Records supplied:
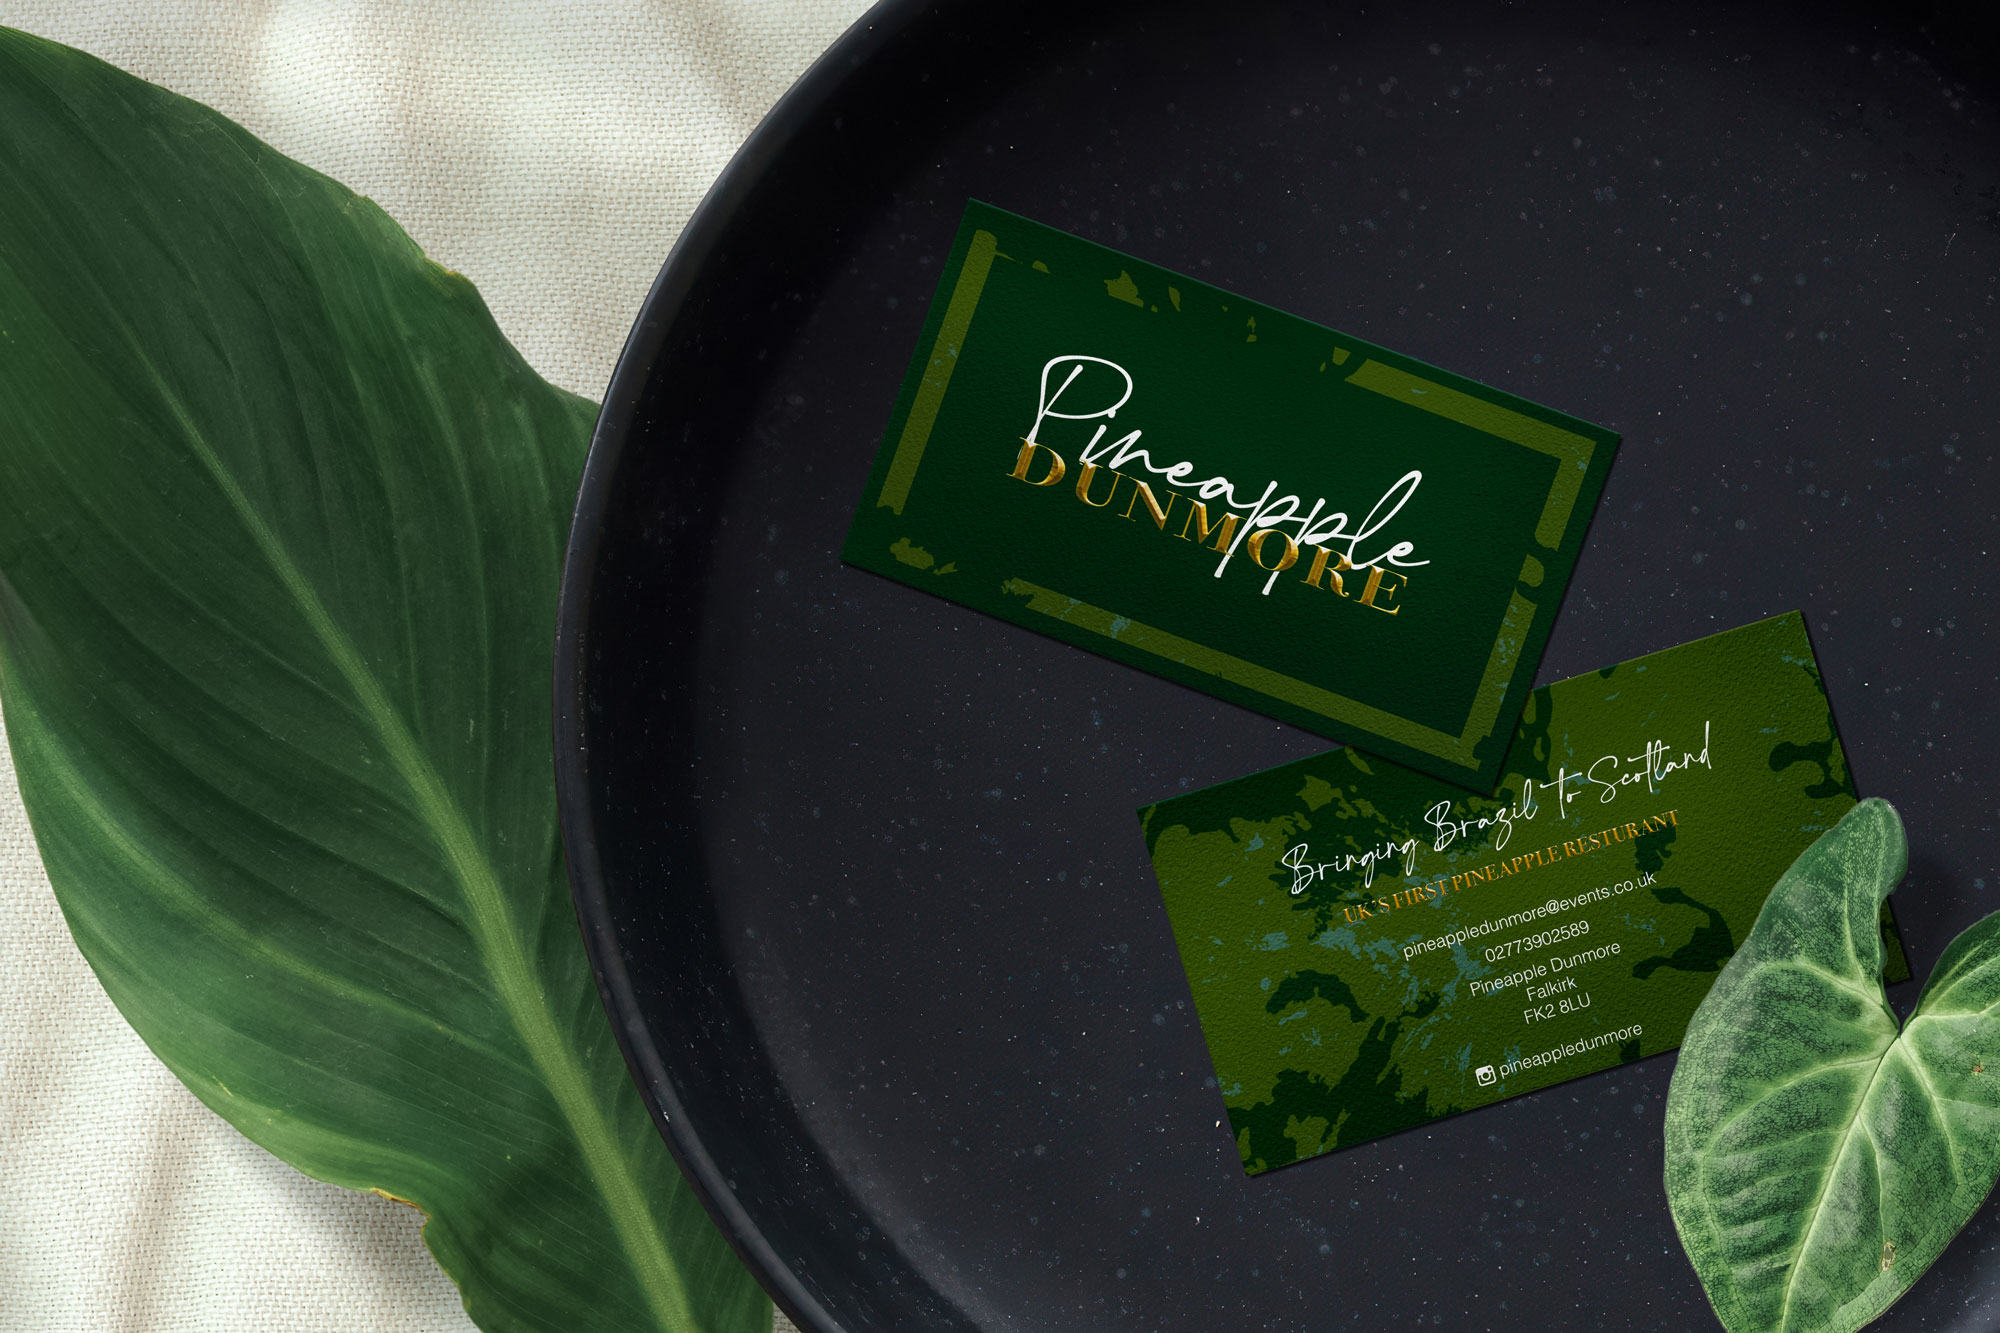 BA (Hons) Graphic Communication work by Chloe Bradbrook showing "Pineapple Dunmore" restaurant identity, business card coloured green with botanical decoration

--

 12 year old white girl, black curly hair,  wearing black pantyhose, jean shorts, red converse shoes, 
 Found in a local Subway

Exercise brief:
As listed above, the lines from the line with "12 year old" to the line with "Found in a local Subway" are to be echoed exactly, with both ends included and nothing added.

Answer:
 12 year old white girl, black curly hair,  wearing black pantyhose, jean shorts, red converse shoes, 
 Found in a local Subway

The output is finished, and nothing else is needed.